Exercise brief ▸ Print only the lines below from the one with "1919 Time Capsule Contents list" to the one with "Re-striped parking lot", both included, exactly as they stand. Leave pictures out.

Study material ▸

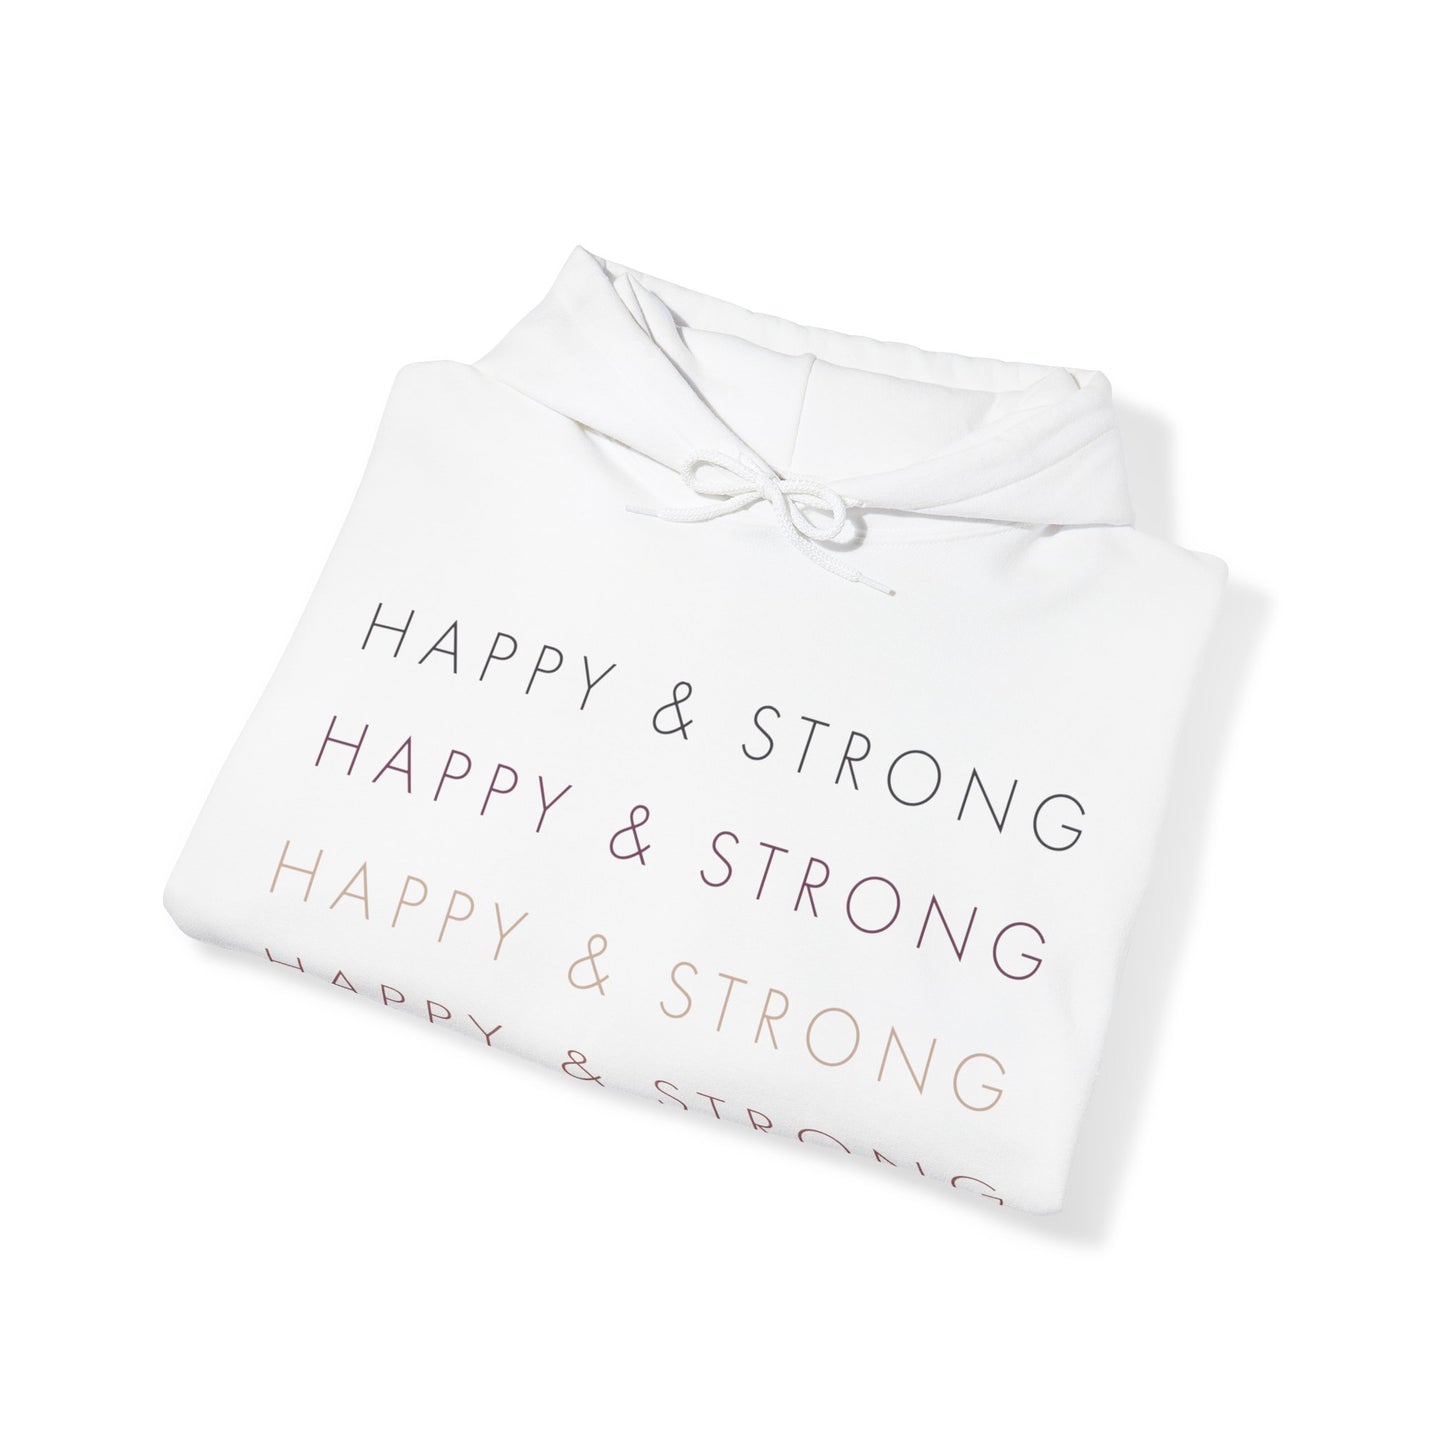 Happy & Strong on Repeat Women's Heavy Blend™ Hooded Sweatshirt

---

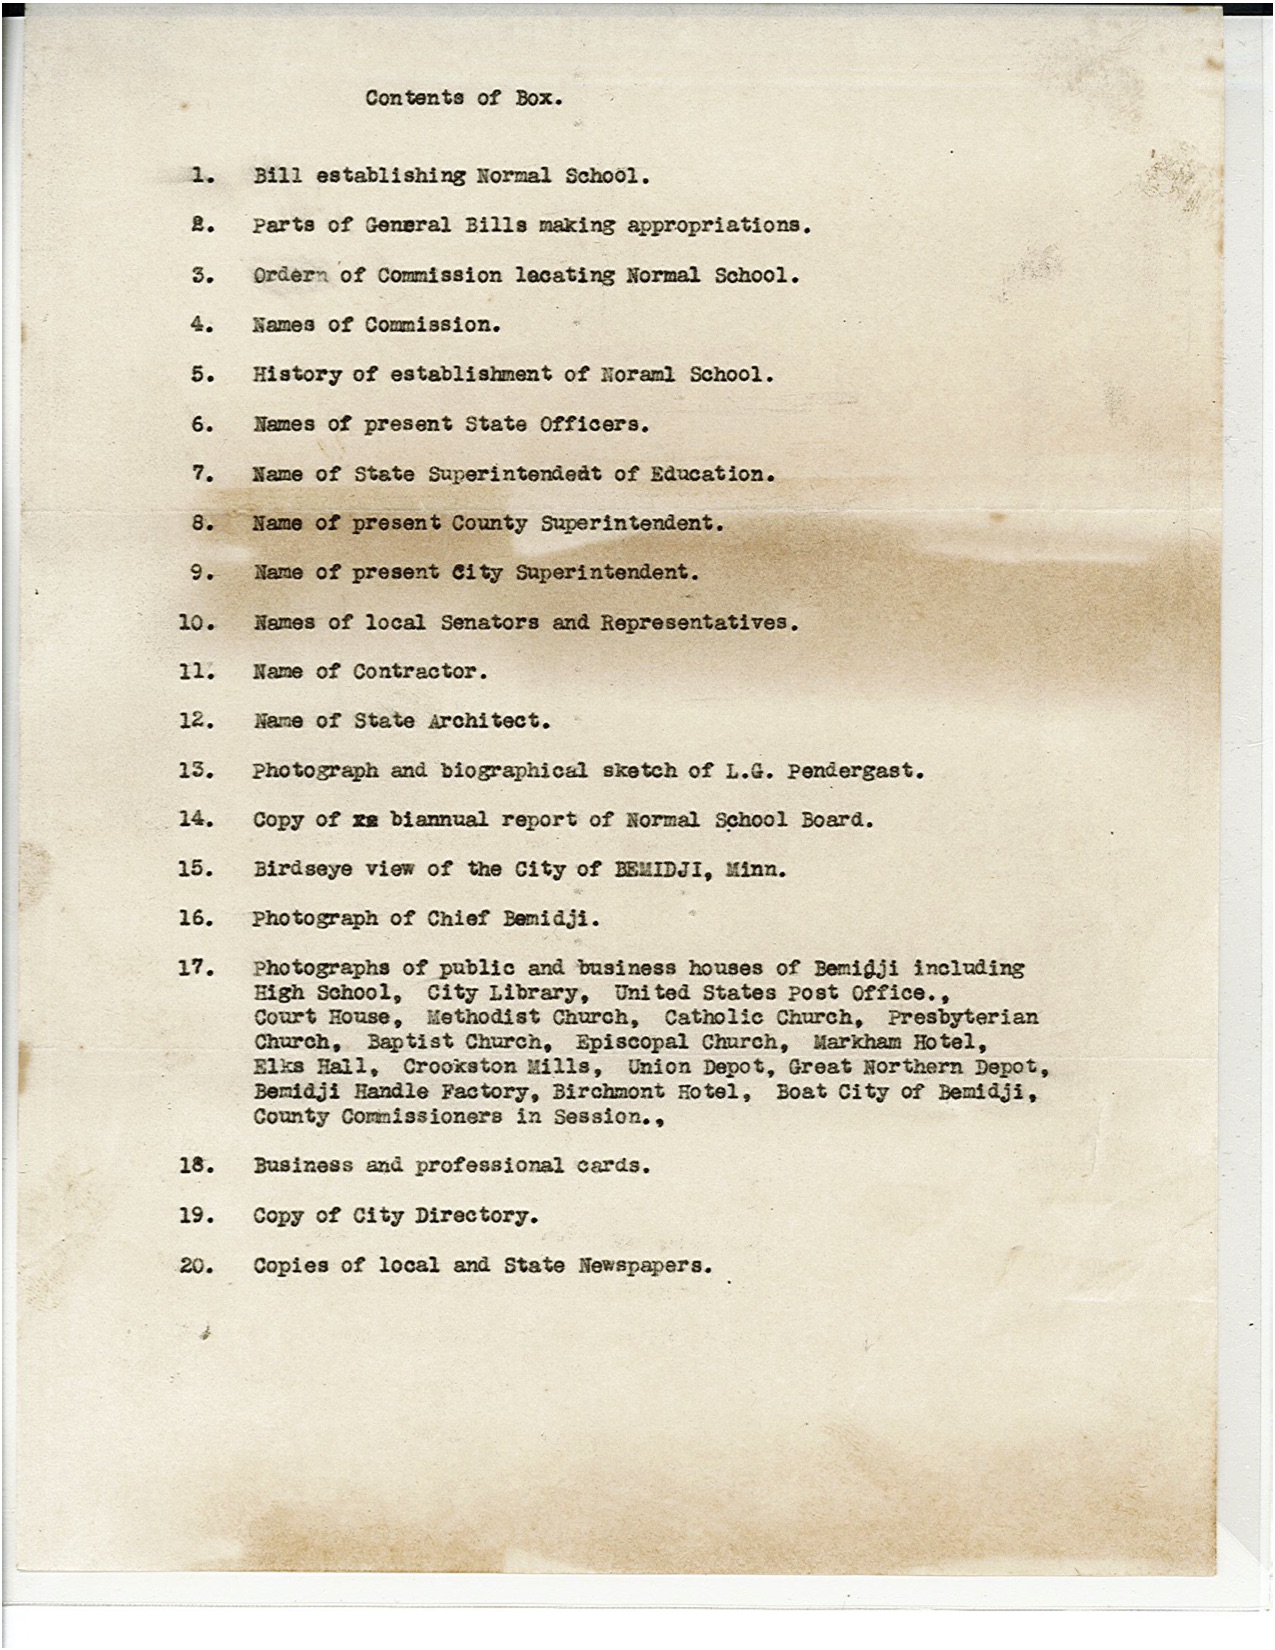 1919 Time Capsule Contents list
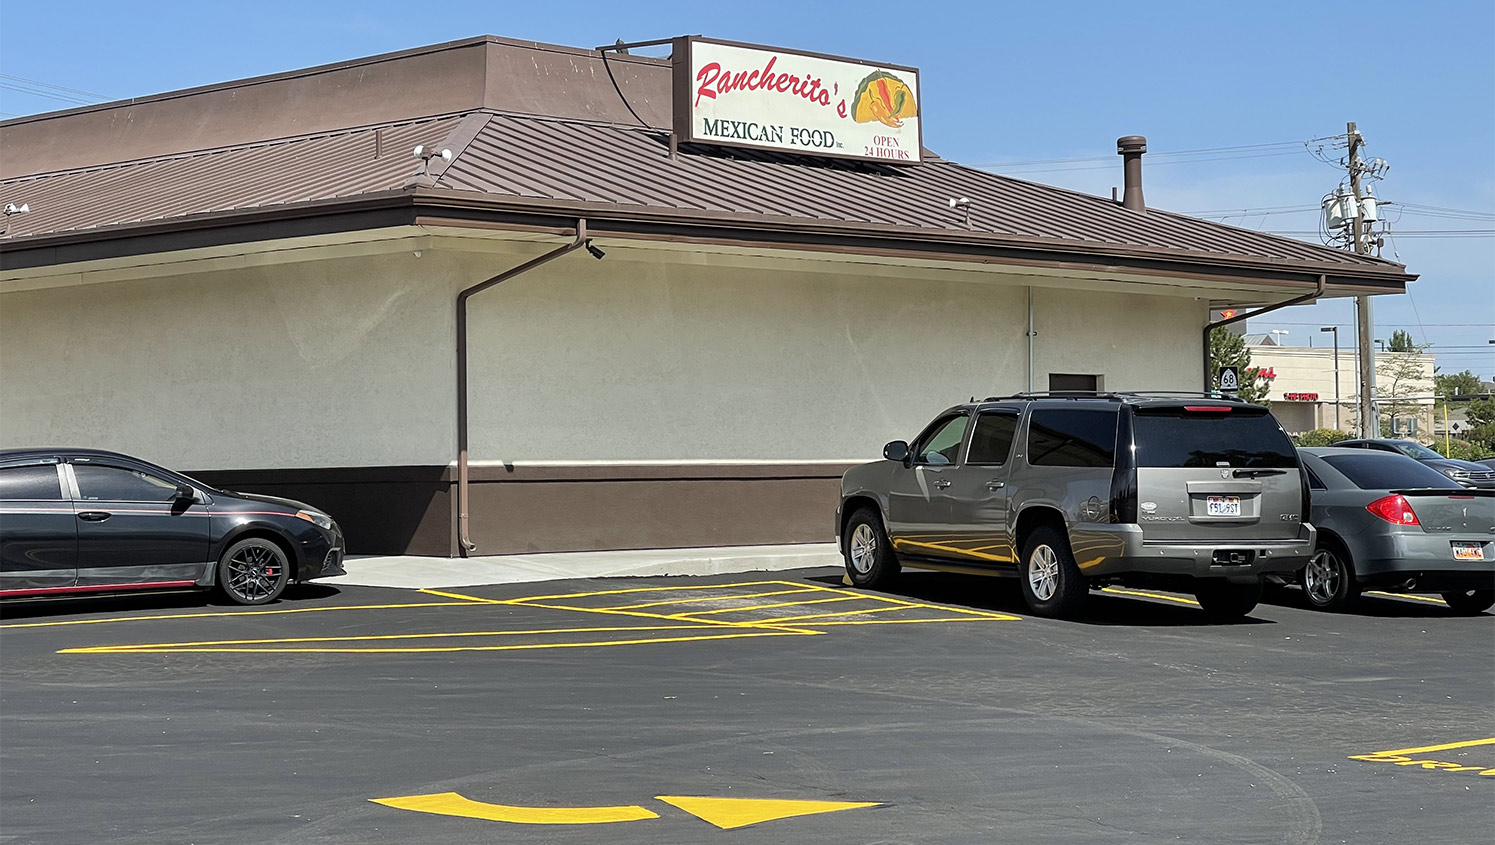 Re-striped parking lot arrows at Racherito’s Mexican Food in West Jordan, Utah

==

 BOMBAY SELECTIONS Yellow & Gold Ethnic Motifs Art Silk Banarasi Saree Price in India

Output of the exercise ▸
 1919 Time Capsule Contents list
 Re-striped parking lot arrows at Racherito’s Mexican Food in West Jordan, Utah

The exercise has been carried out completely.